Jagwar Ma’s music has been described as retro-psych and pegged as a revival of the baggy Madchester sound, but there’s a lot more going on than that. With the band interviewed in full in this week’s NME, we asked them to tell us about five records that fed their debut LP ‘Howlin’.
Richard D. James meanders between the sinister and the euphoric with such subtlety that you’d mistake hell for the elysian fields. I guess that is why I love this album so much. Even as a person, in the few insights available to his character, he comes across as a person who on the surface exerts a curt and cynical nature and yet ultimately probably has a rather optimistic and dare I say romantic view of the world. The title of the album even suggests a sense of apprehensive humanity. The range of colours and sounds is typical of an Aphex Twin record, The Waxen Pith, is a perfect example. I find myself imagining what the songs mean as there is little insight offered, anyways. An amazing album that I’m so happy to have as a part of my life.
There’s no denying that the early 90’s in New York saw an explosion of hip hop that would rival the Cambrian era. I’m sure I don’t have to list all the acts, but to name a few A Tribe Called Quest, De la Soul, the mighty Wu Tang Clan, Mobb Deep, Diamond D, Nas. All started within months and miles of each other. These are the brighter stars of the scene, verging on being household names by now. Black Moon for whatever reason didn’t rise to such fame. But their debut record Enta Da Stage has an important place in my heart, and may be a prime summary of this bygone era.. It’s an angry younger sibling of the acts, with lyrics like “Jump on my Skateboard and do muh f**kin drive by”. . . Proper rebel music. I remember riding my skateboard with this on my ipod. Feeling pretty tough, graphing my old band’s name around Sydney.. if you can find it on vinyl, do yourself a favour and geddit and put it on. It’s the perfect soundtrack for pretend arguments while you storm around your bedroom, thinking of whether to be a menace in the house, or out on the street.
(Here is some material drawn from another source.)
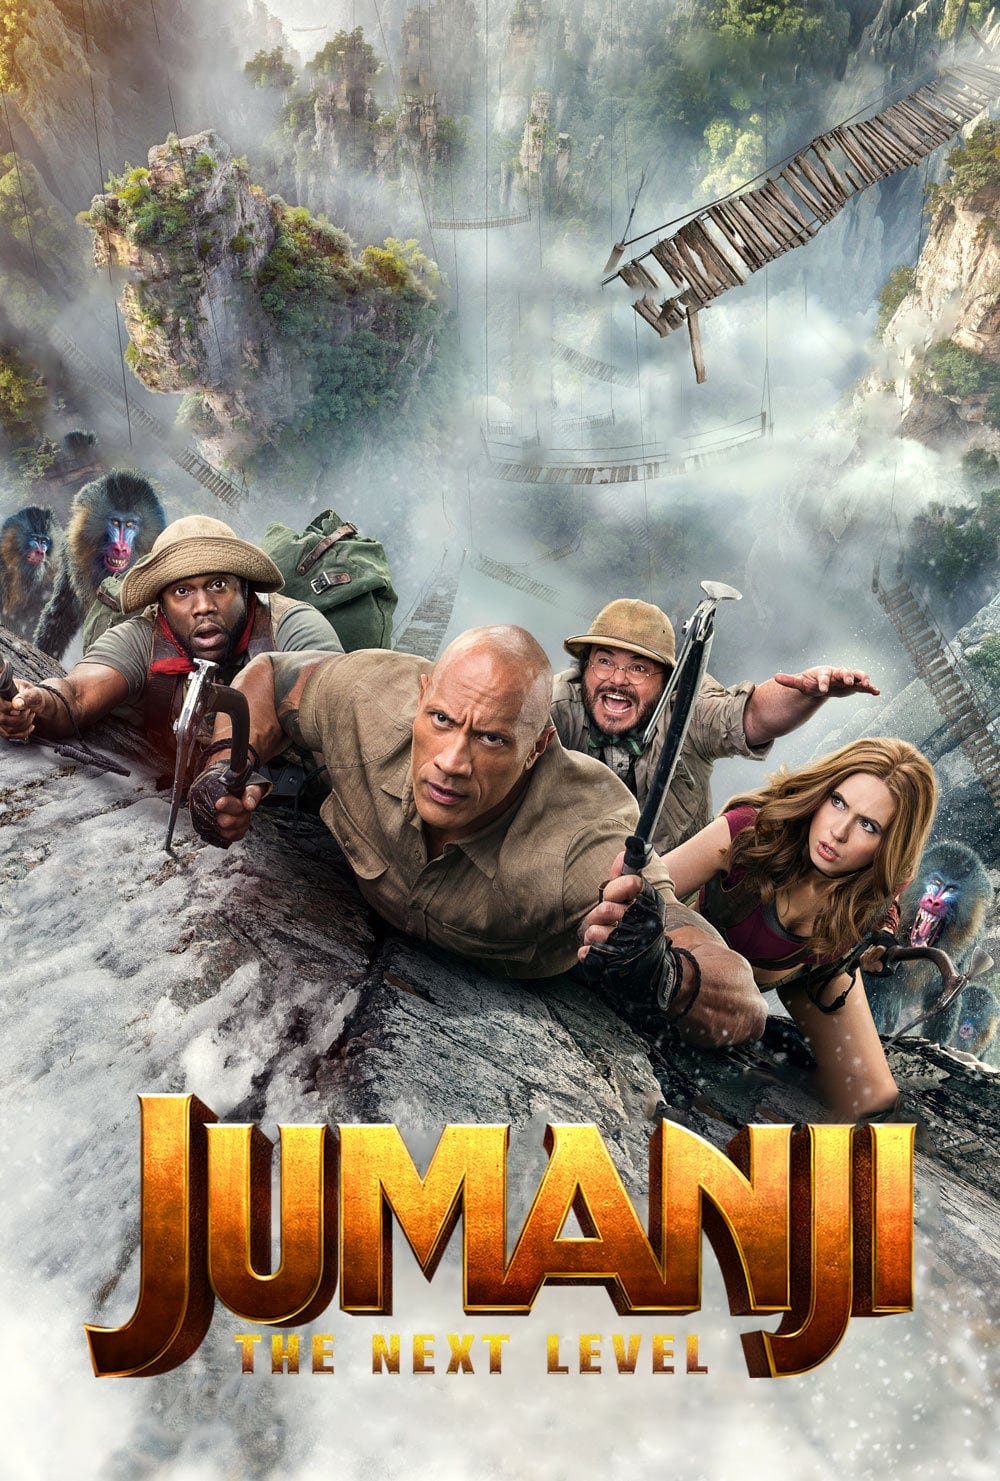 Jumanji 2 release date
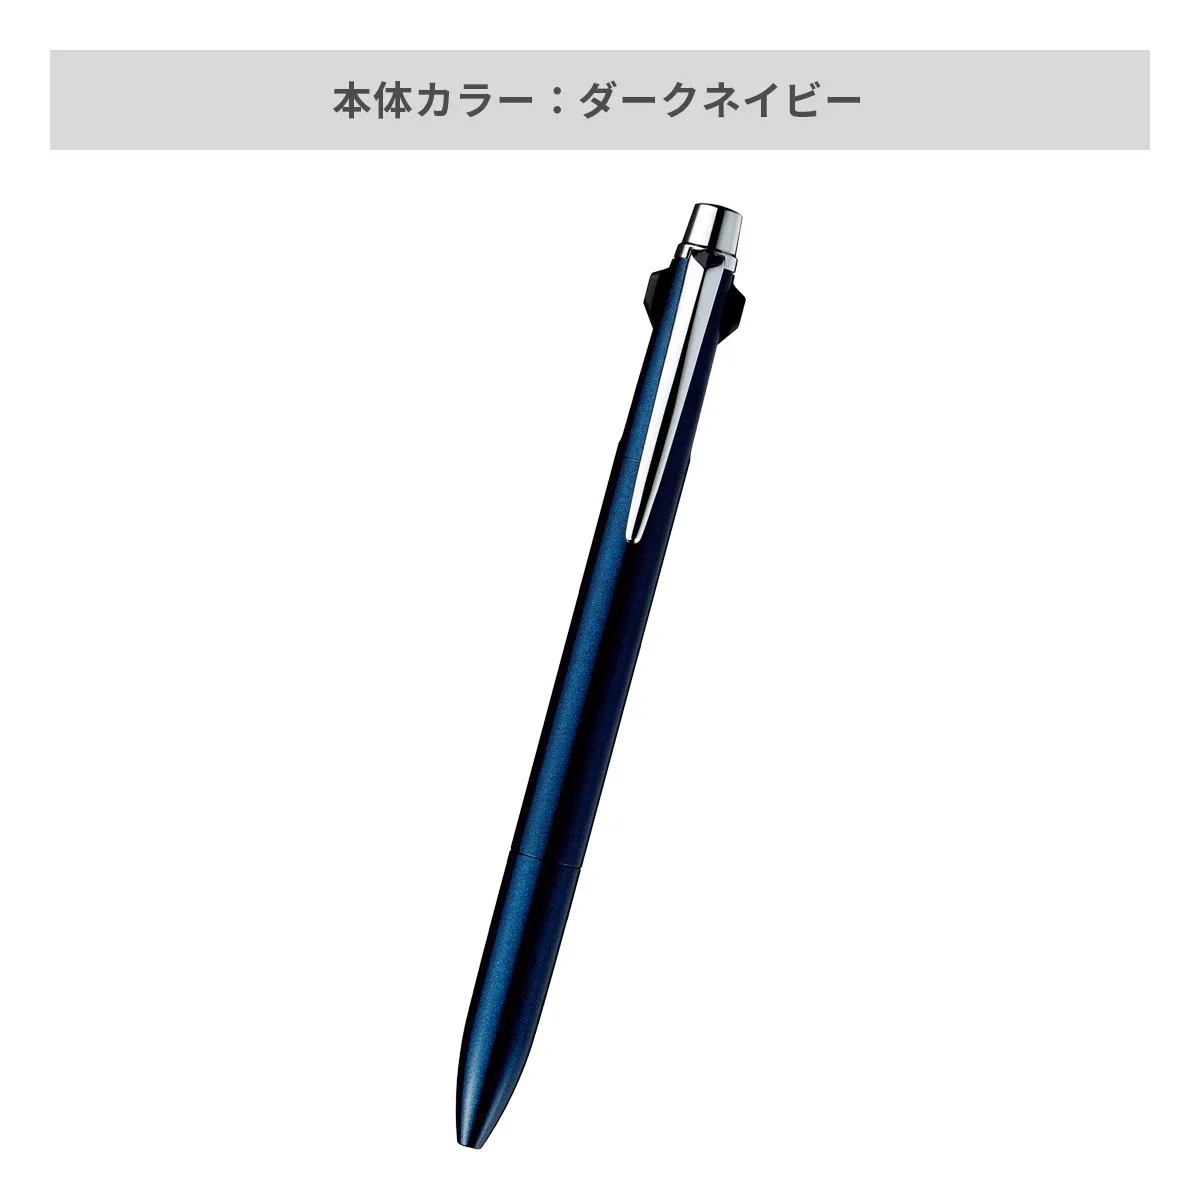 【短納期】三菱鉛筆 ジェットストリーム プライム 多機能ペン 2&1 0.5mm【多機能ペン / レーザー彫刻】 画像4

In the last 3 years I find myself orbiting Tyler like one of the many moons of Jupiter. Released in 2009, Bastard shook the hip hop industry from the underground in true punk rock style: Self made, self released and damn right offensive. The debut solo release from the then 18 yr old rapper, producer, director and skater, this mixtape fuses abrasive homemade pro-tools beats with the rich harmonic colour of jazz greats like Herbie Hancock and Bill Evans. This lofi concoction results in something that I find almost demonically beautiful. It won’t come as a shock to anyone to describe Tyler’s lyrical content as somewhat unhinged. The title track reads as psychiatric confession to his alter ego, Dr TC (Tron Cat) and speculates darker, almost Tarantino esque themes of rape, murder, psychosis and drug use through the scope of an adolescent verging on adulthood. It comes as no surprise to hear that two of Tyler’s key influences were 70’s french jazz fusion band Cortex (which he samples) and Eminem. Tyler, Wolf Hayley, Sam or whatever you wanna call him hypnotizes the listener with internal monologues on tracks “Seven”, “Blow” and “Odd Toddlers”, while the down-tuned vocals and distorted beats on the albums second single “French” almost dwell on hardcore punk. Peace out.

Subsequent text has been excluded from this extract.